All of lore.kernel.org
 help / color / mirror / Atom feed
From: Mat Martineau <mathew.j.martineau@linux.intel.com>
To: Paolo Abeni <pabeni@redhat.com>
Cc: mptcp@lists.linux.dev, Dipanjan Das <mail.dipanjan.das@gmail.com>
Subject: Re: [PATCH mptcp-net] mptcp: do not queue data on closed subflows
Date: Mon, 25 Jul 2022 18:14:35 -0700 (PDT)	[thread overview]

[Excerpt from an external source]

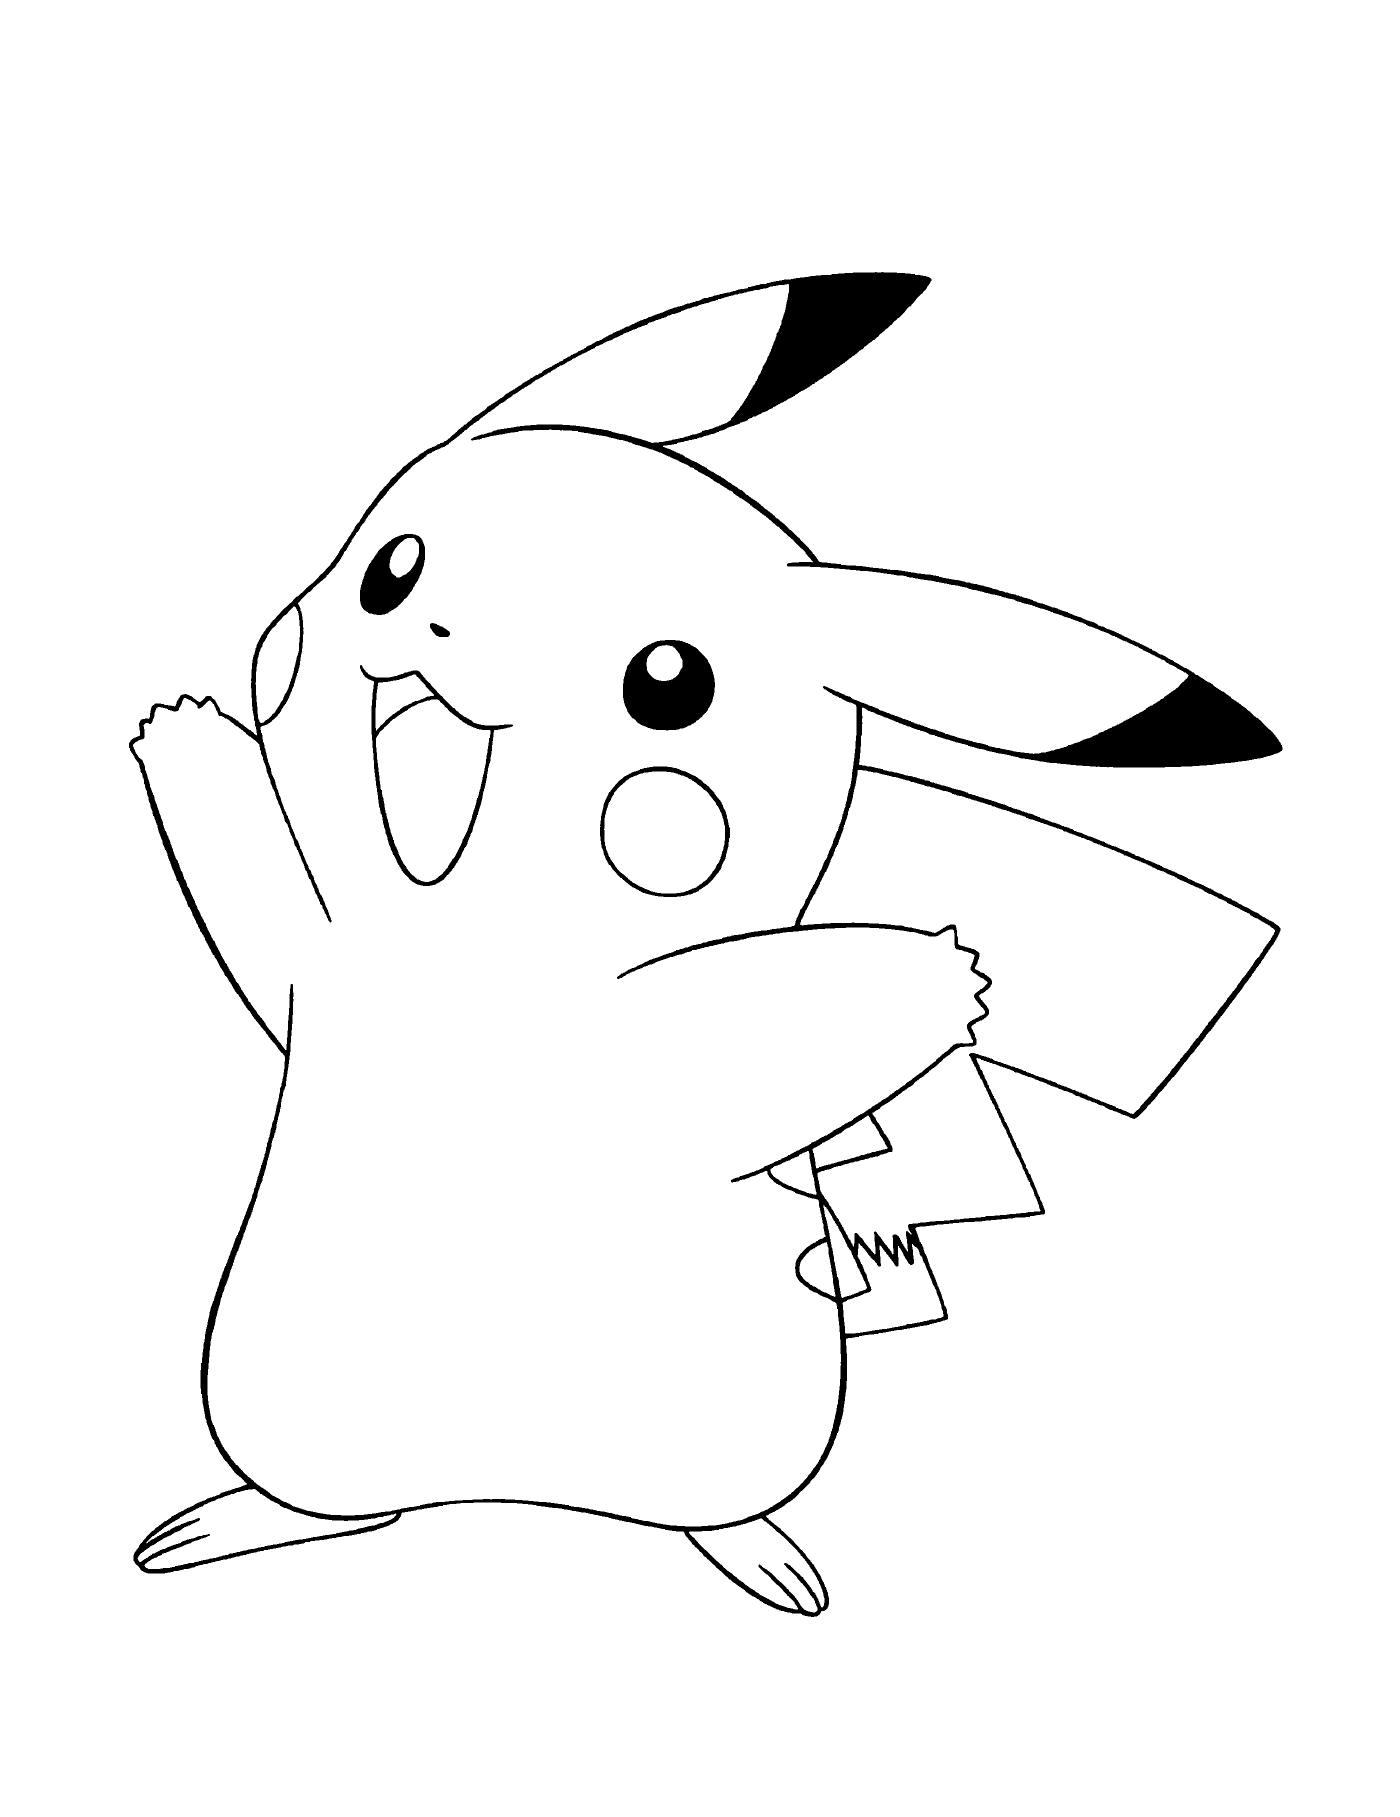  Pikachu, emblemático e cativante

Message-ID: <595ba8d4-5ba2-666-b336-e48977d8864e@linux.intel.com> (raw)
In-Reply-To: <937464128633daa18ebc093215ac04487f001b3f.1658769042.git.pabeni@redhat.com>

On Mon, 25 Jul 2022, Paolo Abeni wrote:

> Dipanjan reported a syzbot splat at close time:
>
> WARNING: CPU: 1 PID: 10818 at net/ipv4/af_inet.c:153
> inet_sock_destruct+0x6d0/0x8e0 net/ipv4/af_inet.c:153
> Modules linked in: uio_ivshmem(OE) uio(E)
> CPU: 1 PID: 10818 Comm: kworker/1:16 Tainted: G           OE
> 5.19.0-rc6-g2eae0556bb9d #2
> Hardware name: QEMU Standard PC (i440FX + PIIX, 1996), BIOS
> 1.13.0-1ubuntu1.1 04/01/2014
> Workqueue: events mptcp_worker
> RIP: 0010:inet_sock_destruct+0x6d0/0x8e0 net/ipv4/af_inet.c:153
> Code: 21 02 00 00 41 8b 9c 24 28 02 00 00 e9 07 ff ff ff e8 34 4d 91
> f9 89 ee 4c 89 e7 e8 4a 47 60 ff e9 a6 fc ff ff e8 20 4d 91 f9 <0f> 0b
> e9 84 fe ff ff e8 14 4d 91 f9 0f 0b e9 d4 fd ff ff e8 08 4d
> RSP: 0018:ffffc9001b35fa78 EFLAGS: 00010246
> RAX: 0000000000000000 RBX: 00000000002879d0 RCX: ffff8881326f3b00
> RDX: 0000000000000000 RSI: ffff8881326f3b00 RDI: 0000000000000002
> RBP: ffff888179662674 R08: ffffffff87e983a0 R09: 0000000000000000
> R10: 0000000000000005 R11: 00000000000004ea R12: ffff888179662400
> R13: ffff888179662428 R14: 0000000000000001 R15: ffff88817e38e258
> FS:  0000000000000000(0000) GS:ffff8881f5f00000(0000) knlGS:0000000000000000
> CS:  0010 DS: 0000 ES: 0000 CR0: 0000000080050033
> CR2: 0000000020007bc0 CR3: 0000000179592000 CR4: 0000000000150ee0
> Call Trace:
> <TASK>
> __sk_destruct+0x4f/0x8e0 net/core/sock.c:2067
> sk_destruct+0xbd/0xe0 net/core/sock.c:2112
> __sk_free+0xef/0x3d0 net/core/sock.c:2123
> sk_free+0x78/0xa0 net/core/sock.c:2134
> sock_put include/net/sock.h:1927 [inline]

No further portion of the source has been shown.